(RECORDS FOR PROCESSING Opens)
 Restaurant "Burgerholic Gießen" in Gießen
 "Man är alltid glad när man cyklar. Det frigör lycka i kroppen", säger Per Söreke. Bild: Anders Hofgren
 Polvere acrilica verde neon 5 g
(RECORDS FOR PROCESSING Closes)
(RECORDS FOR PROCESSING Opens)
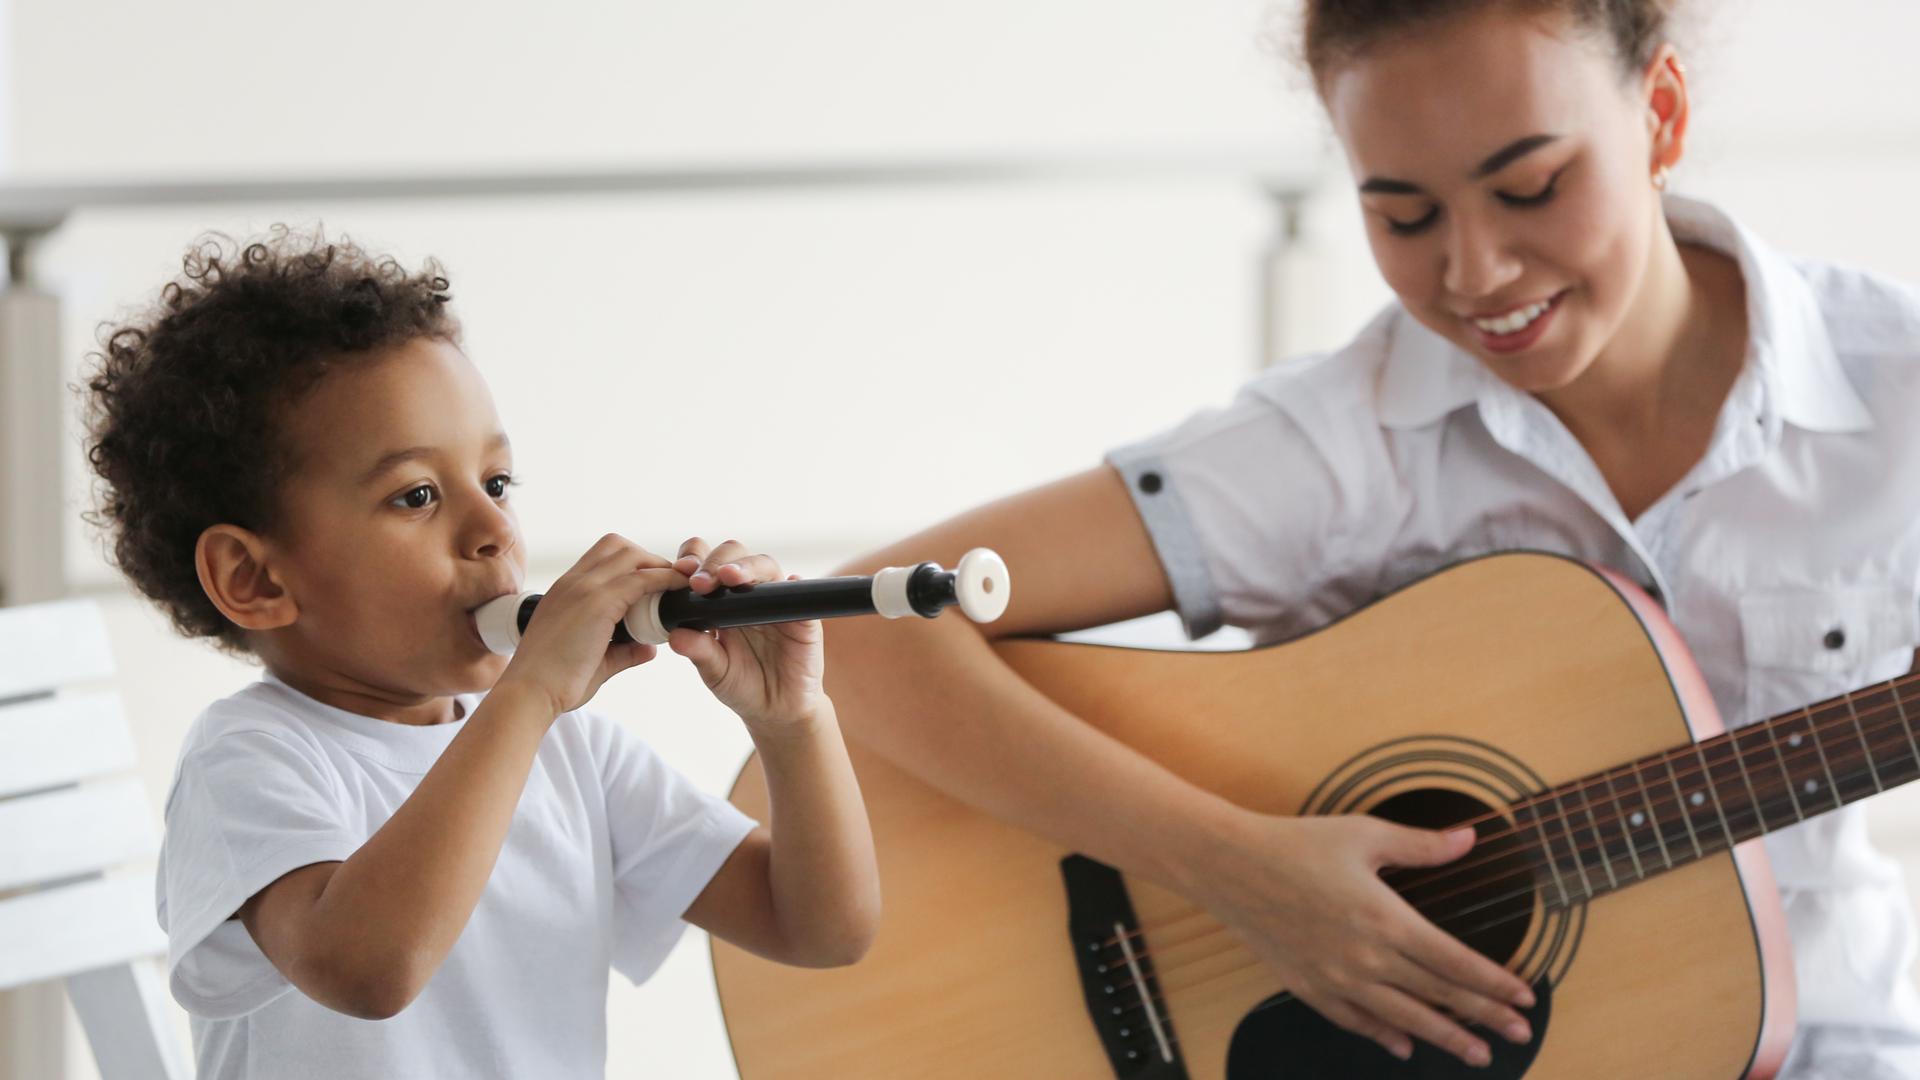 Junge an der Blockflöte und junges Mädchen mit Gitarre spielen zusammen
(RECORDS FOR PROCESSING Closes)
**EXERCISE INSTRUCTIONS:** Reproduce verbatim the lines above, from the line with "Bild: Anders Hofgren" through the line with "Polvere acrilica verde neon 5 g".

**SOLUTION FOR THIS PROBLEM:**
 "Man är alltid glad när man cyklar. Det frigör lycka i kroppen", säger Per Söreke. Bild: Anders Hofgren
 Polvere acrilica verde neon 5 g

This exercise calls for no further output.